<<<<
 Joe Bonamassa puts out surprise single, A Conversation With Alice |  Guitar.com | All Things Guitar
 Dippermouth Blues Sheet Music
>>>>
<<<<
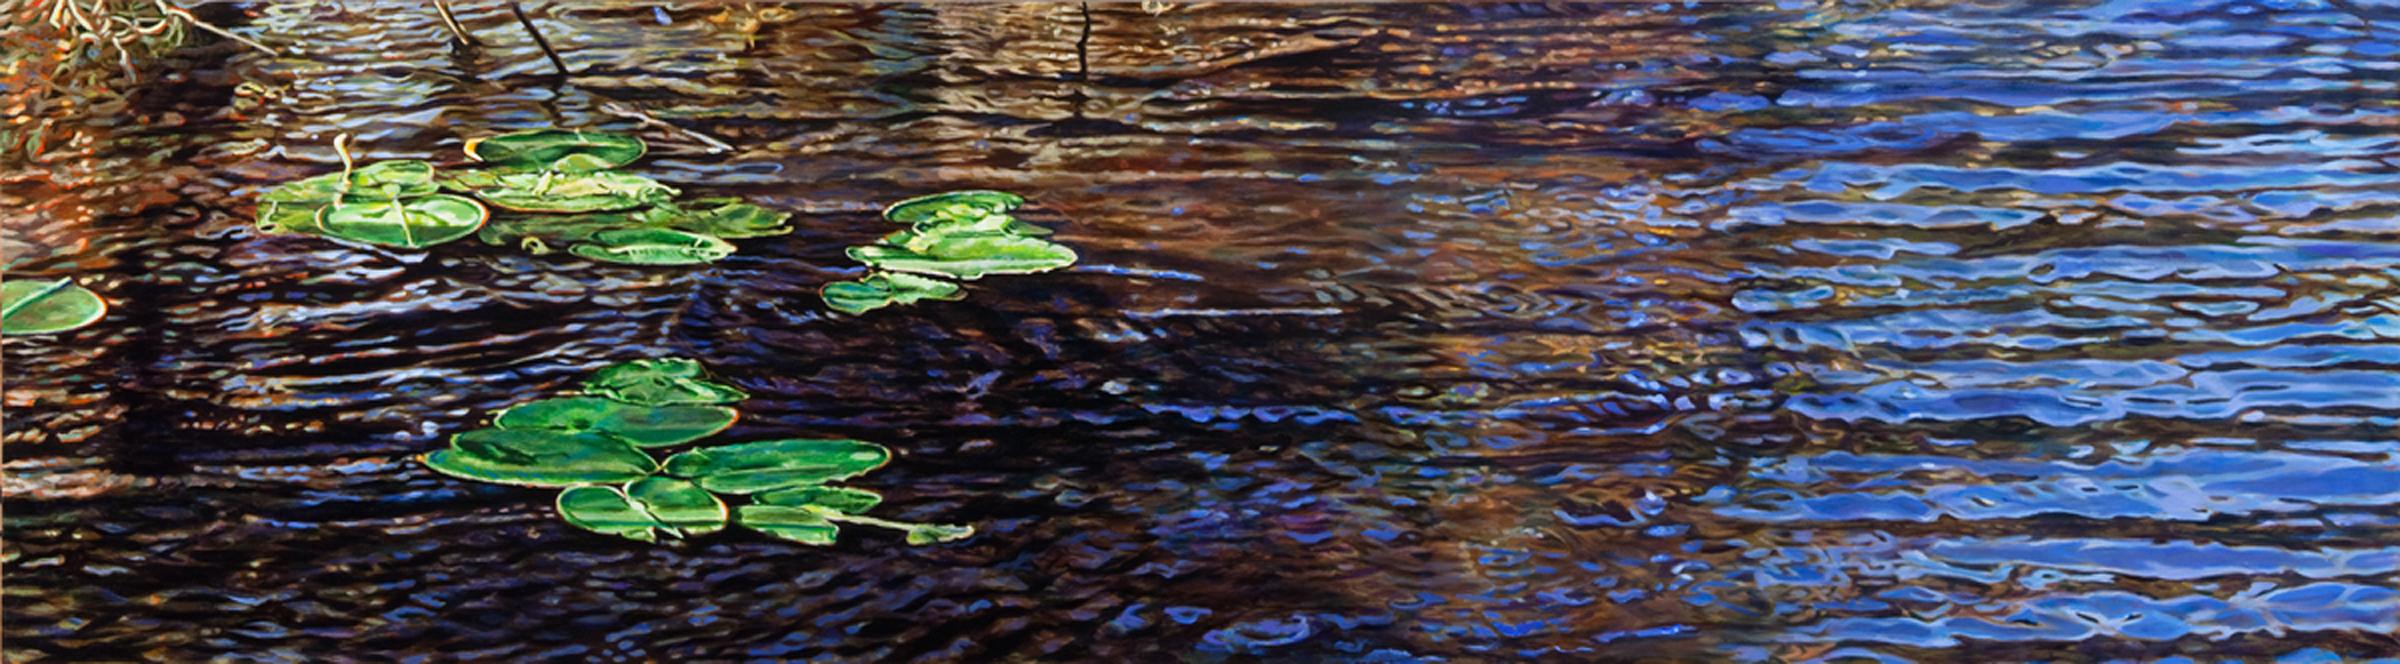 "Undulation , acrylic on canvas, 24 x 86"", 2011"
>>>>
Work instruction: Transcribe the records above from the line holding "Joe Bonamassa puts" down to the line holding "Dippermouth Blues Sheet Music", inclusive, without adding anything.

Reply to the exercise:
 Joe Bonamassa puts out surprise single, A Conversation With Alice |  Guitar.com | All Things Guitar
 Dippermouth Blues Sheet Music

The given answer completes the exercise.